# [SOLVED] Gta san andreas COMES UP WITH BLUE SCREEN!



## Oblitorator2006 (Sep 25, 2007)

:wavelease help! I have installed san andreas and when it gets past the nvidia logo it waits 2-3 seconds then the blue screen shows up with something about nv4_disp.dll, i then have to reboot pc. My Graphics card is an GeForce x7950 GX2. I would have sorted myself but im not very knowledgable and i would probably screw up the pc. Can you give me some help please:4-dontkno?


----------



## pharoah (Aug 28, 2006)

*Re: Gta san andreas COMES UP WITH BLUE SCREEN!*

nv4_disp.dll is the video card driver crashing.what version of nvidia drivers are you using?


----------



## Oblitorator2006 (Sep 25, 2007)

*Re: Gta san andreas COMES UP WITH BLUE SCREEN!*

The drivers version is
6.14.0011.6344 (English)


----------



## pharoah (Aug 28, 2006)

*Re: Gta san andreas COMES UP WITH BLUE SCREEN!*

here try these drivers they have proven to be very stable on 7 series cards.

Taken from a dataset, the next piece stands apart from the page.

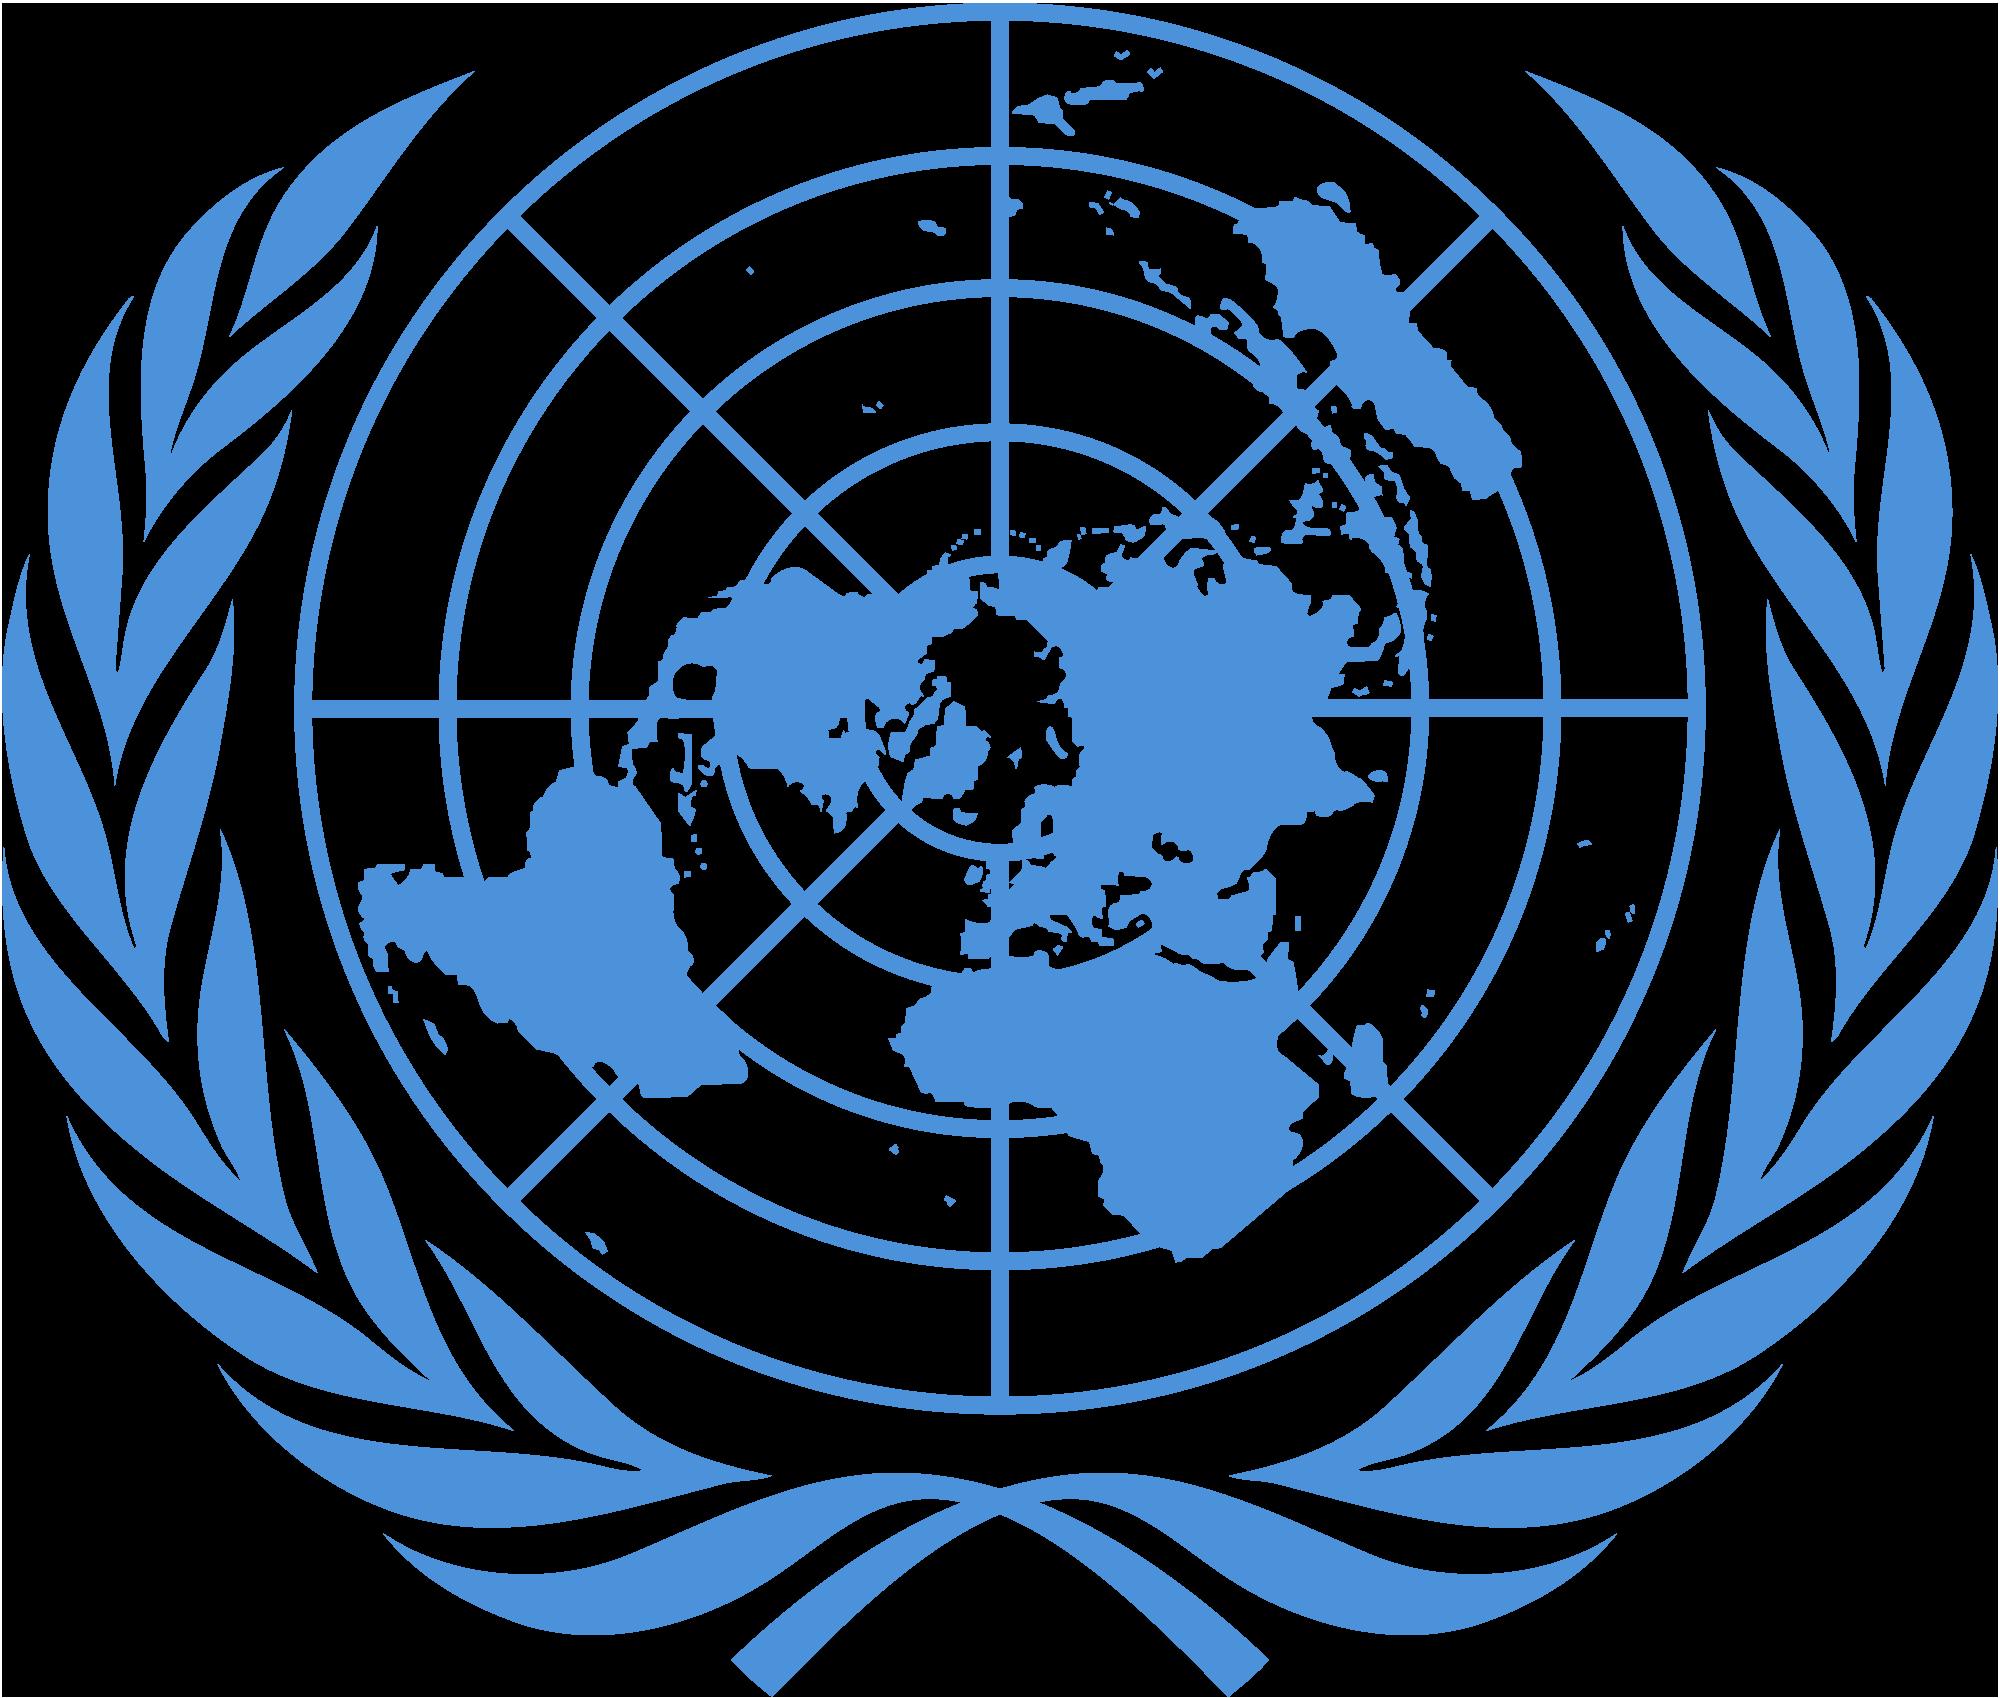 Эмблема (логотип) организации объединенных наций
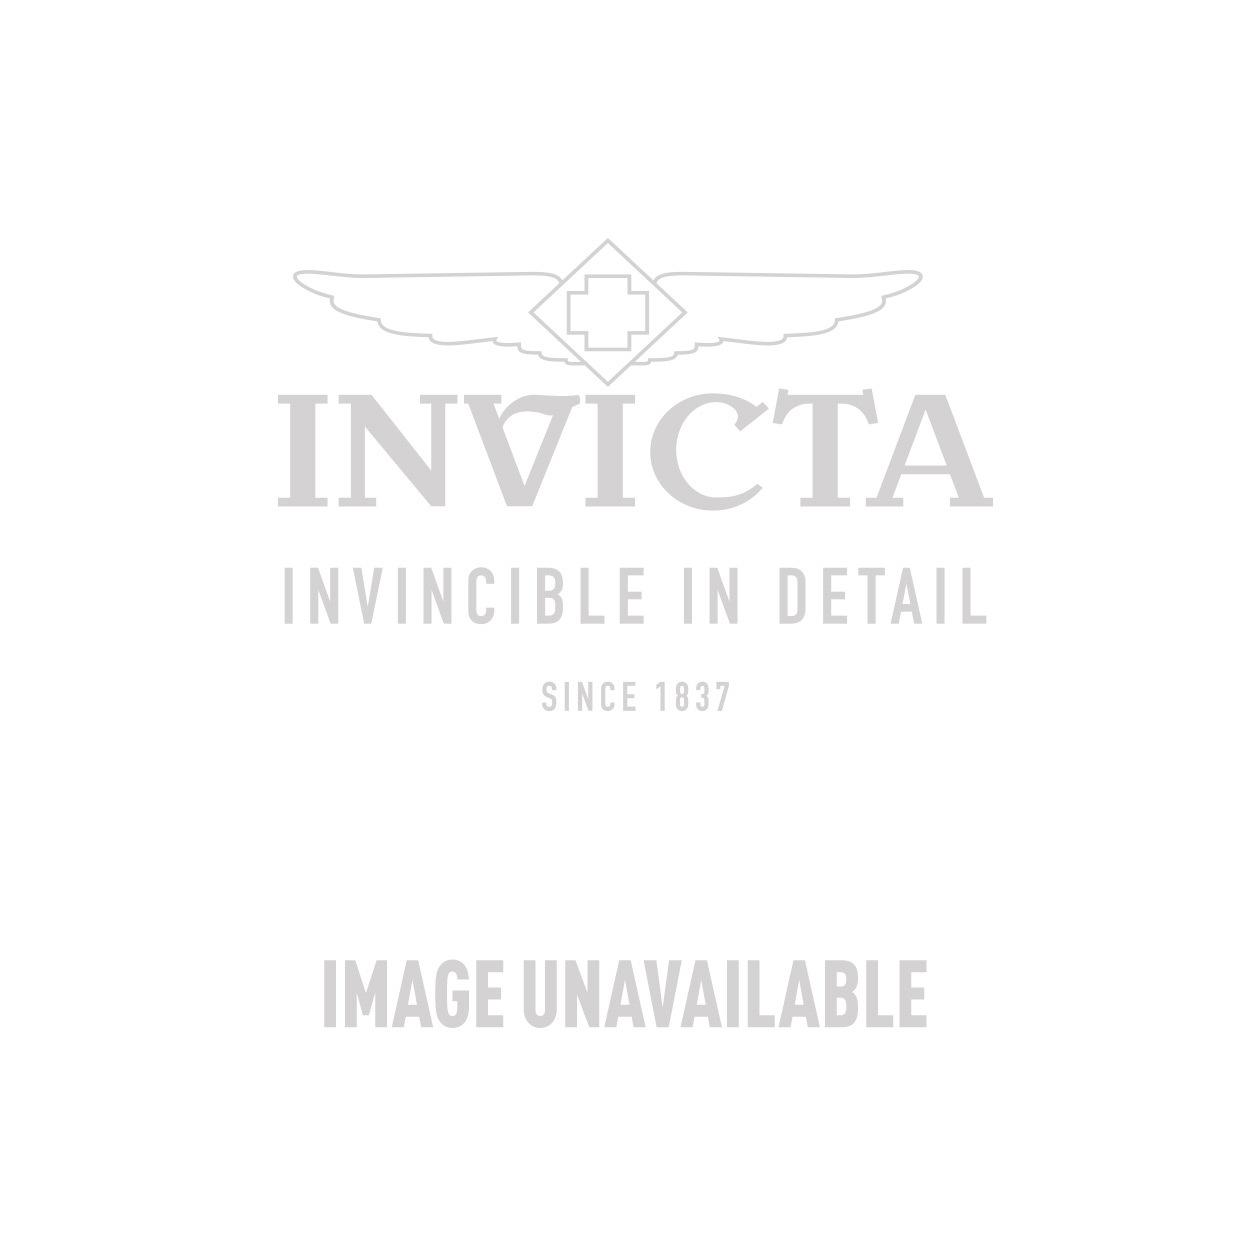 Invicta JT  Quartz Watch - Black, Stainless Steel case with Steel, Black tone Stainless Steel band - Model 13047

http://www.nvidia.com/object/winxp_2k_84.21.html


----------



## Oblitorator2006 (Sep 25, 2007)

*Re: Gta san andreas COMES UP WITH BLUE SCREEN!*

thank you for your help! Gta sa seems to be working fine and others the same  thanks!


----------



## pharoah (Aug 28, 2006)

*Re: Gta san andreas COMES UP WITH BLUE SCREEN!*

your welcome glad ya got it fixed.:4-cheers:


----------